Ruxandra Guidi has been telling stories for over two decades. Her reporting for public radio, podcasts and magazines has taken her throughout the United States, the Caribbean, South and Central America, as well as Mexico and the U.S.-Mexico border region. After earning a Master’s degree in journalism from U.C. Berkeley in 2002, she assisted independent producers The Kitchen Sisters with their award-winning series
Lost & Found Sound; then worked as a reporter, editor, and producer for NPR’s
Latino USA, BBC’s
The World,
Fronteras Desk in San Diego-Tijuana, and KPCC Public Radio’s immigration beat in Los Angeles. She’s also worked extensively throughout Central and South America, having been a freelance foreign correspondent based in Bolivia (2007-2009) and in Ecuador (2014-2016). She is the president of the board of
Homelands Productions, a journalism nonprofit cooperative founded in 1989, and a contributing editor for the 50 year-old nonprofit magazine
High Country News. In 2018, she was awarded the
Susan Tifft Fellowship for women in documentary and journalism by the Center for Documentary Studies at Duke University.
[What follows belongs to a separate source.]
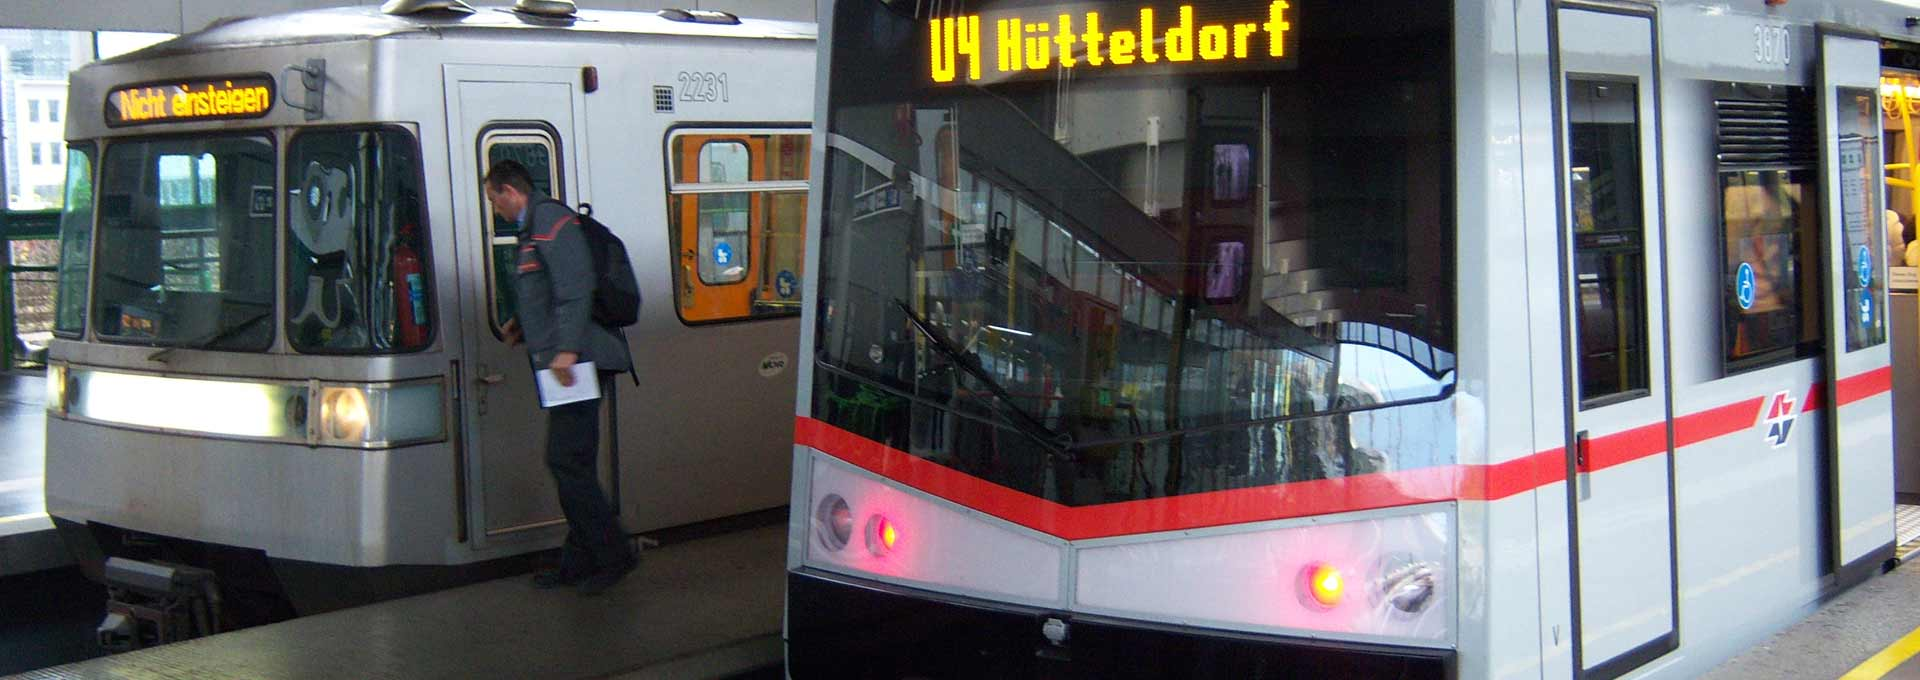 Using the Ubahn in Vienna Austria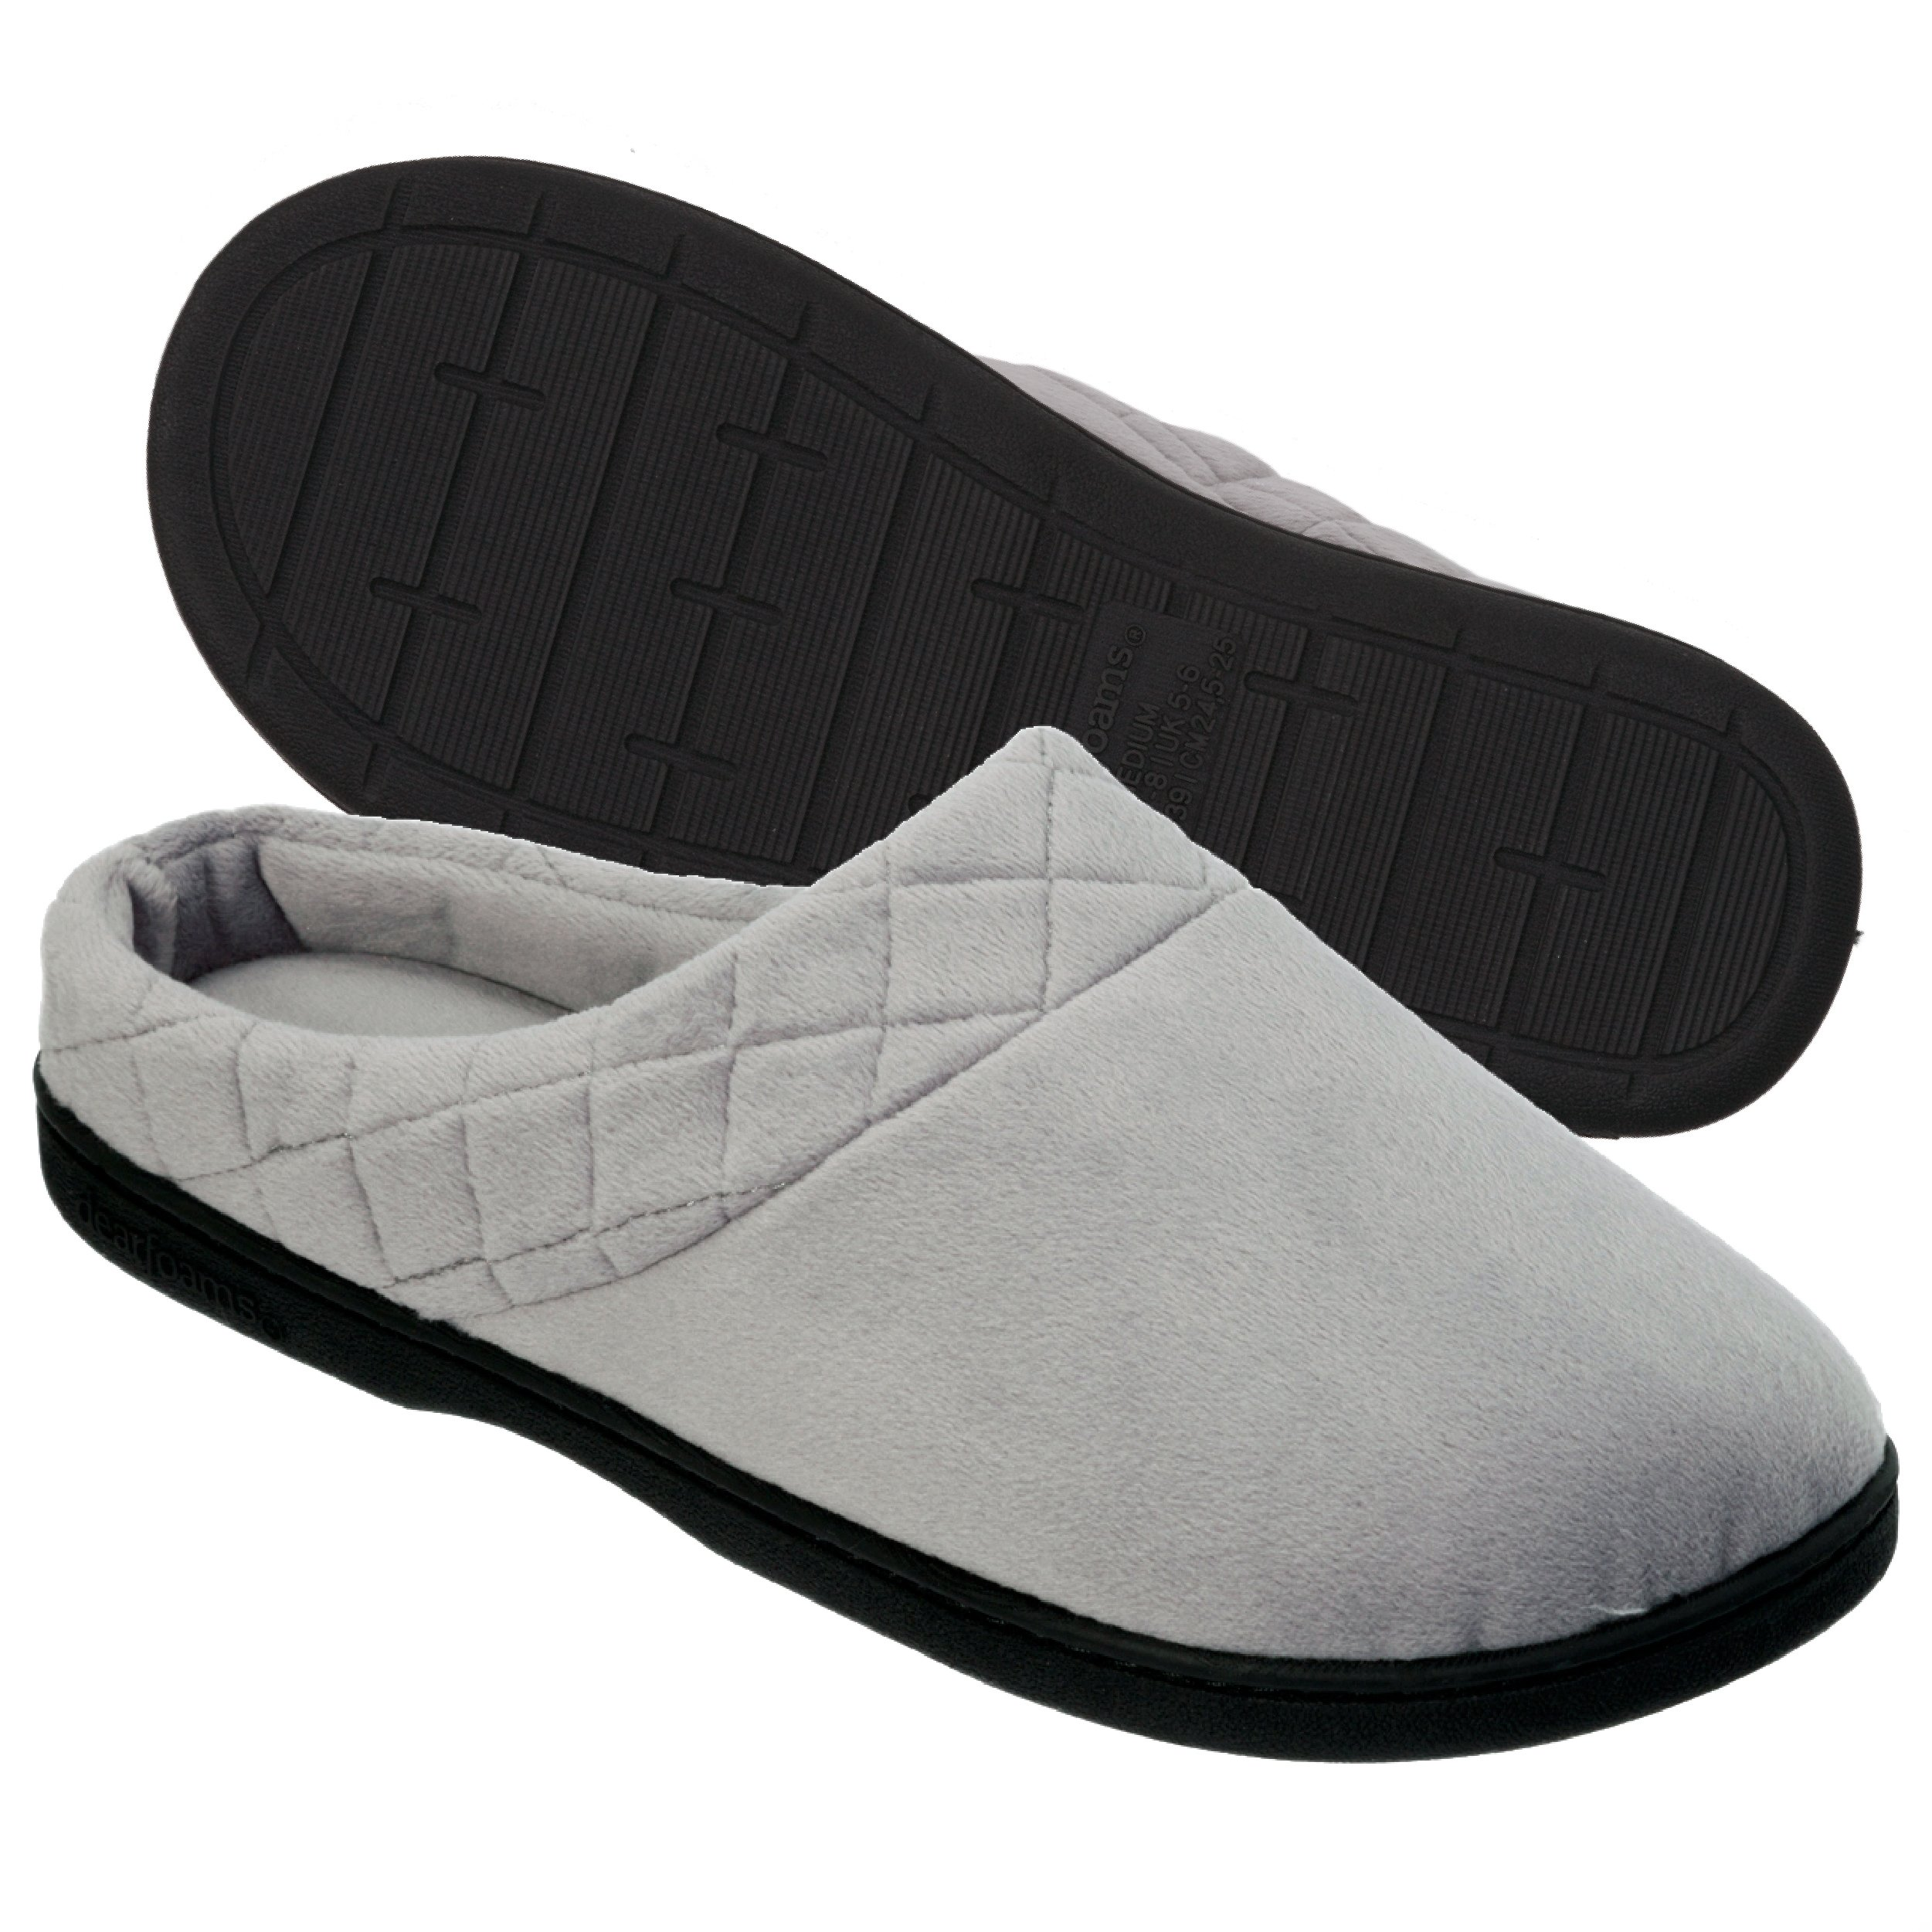 Dearfoams Women's Microfiber Clog Slipper with Quilted Cuff,Medium Grey,Large/9-10 M US by Dearfoams

Currently, she is a freelance editor and contributor for various magazines and podcasts, and an assistant professor of practice and assistant director of the Bilingual Journalism Program at the University of Arizona’s
School of Journalism, where she teaches audio storytelling, feature writing and freelancing to undergraduate and graduate students. She’s a native of Caracas, Venezuela, and is currently based in Tucson, Arizona.